Simply put, leverage is borrowing money from a broker to make trades that are much larger than your own capital. It means you can trade assets worth 10 million won with only 1 million won. Just like using a lever to lift heavy objects, it creates a big result with little effort.
Let's see why this is attractive. If you invest 1 million won without leverage and the price increases by 1%, you make a profit of 10k won. But if you trade 10 million won with 10x leverage and the same 1% rise occurs, you earn 100k won. Small price movements can turn into huge profits.
But here’s what to watch out for. If your profit is multiplied by 10, your loss is also multiplied by 10. If the price drops by 1%, you lose 100k won.
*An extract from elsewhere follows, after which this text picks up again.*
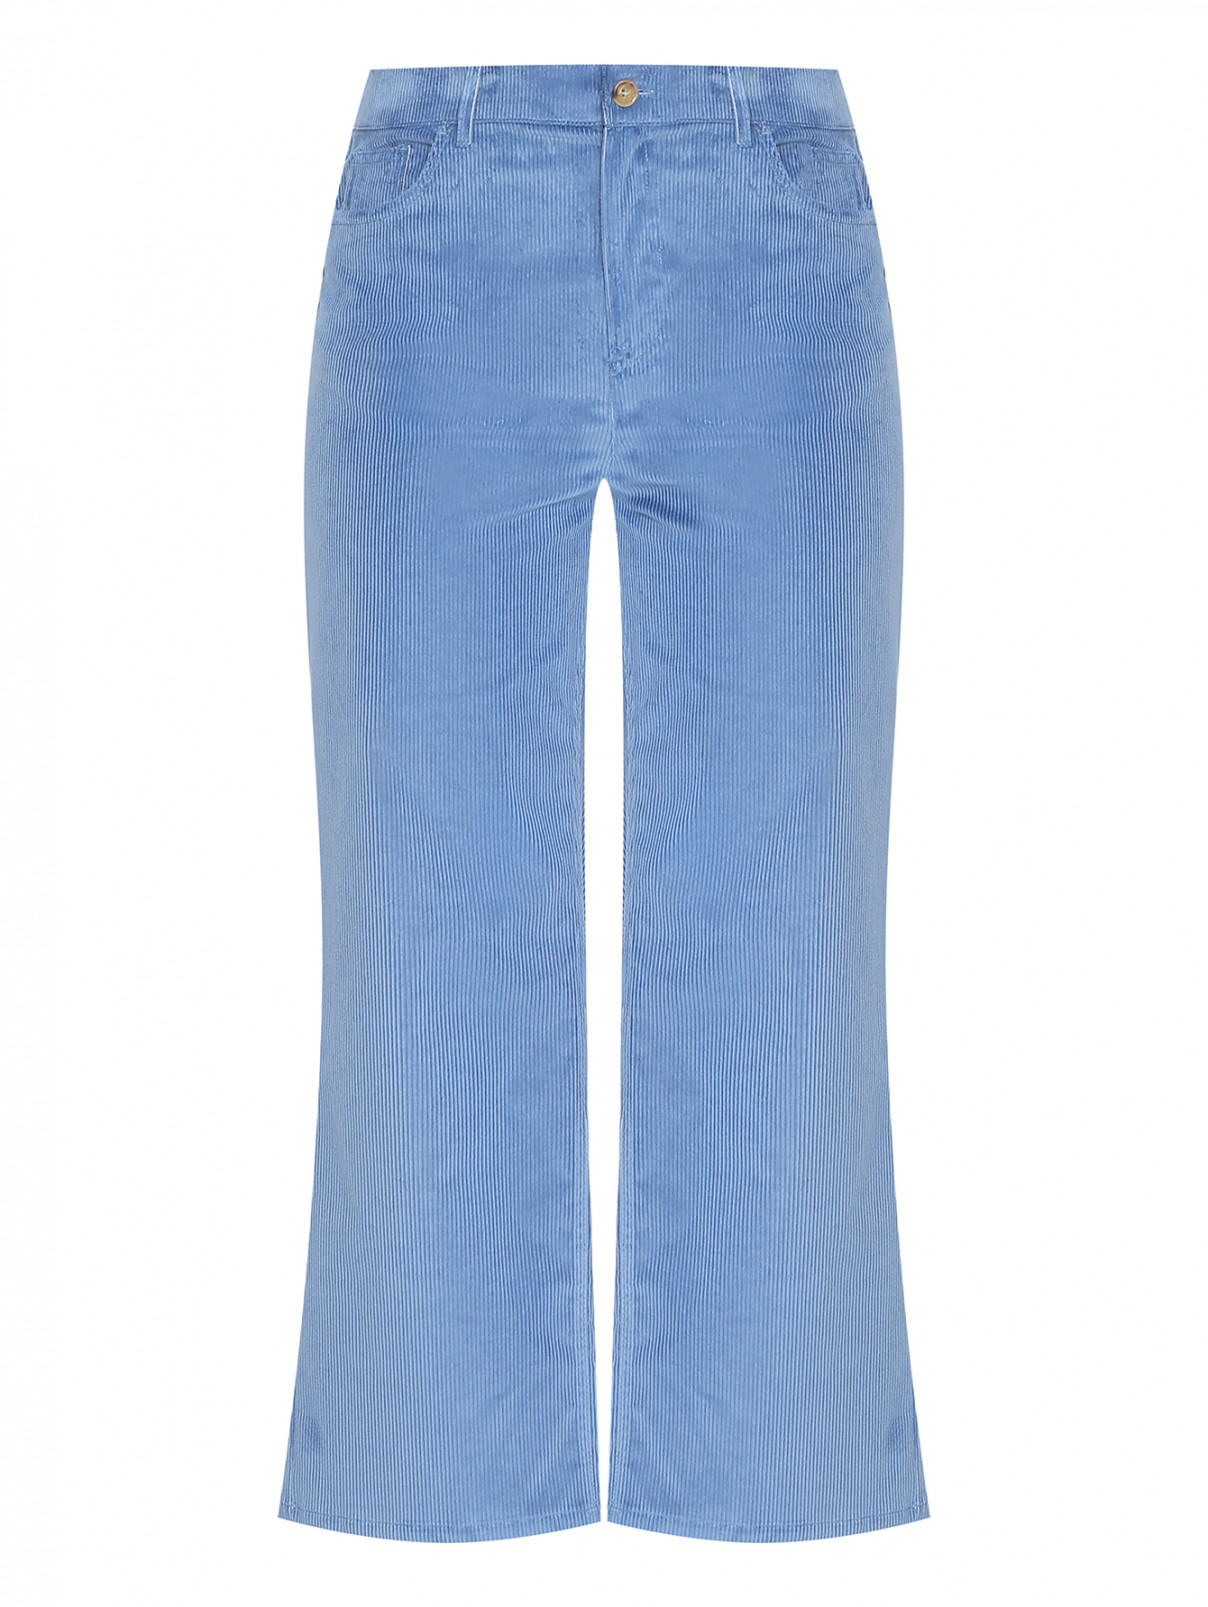 Вельветовые брюки из смешанного хлопка Marina Rinaldi  –  Общий вид  – Цвет:  Синий

What if you use 20x leverage? A 5% decline could wipe out your entire capital. This is the dual nature of leverage trading.
The concept of margin (collateral) is also important. To maintain a position, the broker requires you to hold a minimum amount of funds in your account. If you fail to meet this requirement, a margin call occurs. That is, you are asked to deposit more funds, and if you don’t, your position is forcibly liquidated. Losses are then realized.
Let’s clarify the difference between leverage trading and regular trading. Without leverage, a 10% price drop results in a 10% loss. But with 10x leverage, the same 10% decline results in a 100% loss. This means losing your entire initial capital.
So, who should engage in leverage trading? Those who understand the market well, can manage risks thoroughly, and have extensive short-term trading experience. Beginners who start recklessly will suffer losses. Especially in markets with high volatility and low liquidity, it’s even more important to avoid leverage.
The advantages of leverage trading include opening larger positions with less capital, high capital efficiency, and the ability to trade expensive assets. It also allows diversification across multiple assets and can be used for hedging risks.
The disadvantages are clearer. Losses are maximized. There’s a risk of margin calls. Sudden price swings can cause significant losses. Interest and swap fees accumulate. And the mental stress is considerable, as every price movement can impact your assets.
How to manage risks when actually trading with leverage? First, always set a stop-loss. This automatically closes your position if the price falls to a certain level. Second, carefully adjust your position size. You shouldn’t risk your entire portfolio on a single loss. Third, diversify your investments across different assets and markets.
Regularly monitoring market trends is also crucial. You need to keep checking market conditions, trends, and potential risks to adjust your positions in time. Use trailing stops to lock in profits and protect yourself from sudden reversals.
Over-leverage is strictly forbidden. Especially when market volatility is high. Using extreme leverage like 100:1 makes even small price movements deadly. Always keep a trading journal. Recording why you opened a position, how you closed it, and what you learned helps make better decisions later.
Leverage is used in various financial products like forex, CFDs, futures, and options. Each has different characteristics, so choose the one that fits your trading style.
In conclusion, understanding stock leverage properly and approaching it cautiously can generate profits. But reckless use can wipe out your entire capital. Honestly assess your risk appetite, market experience, and asset size before making a decision.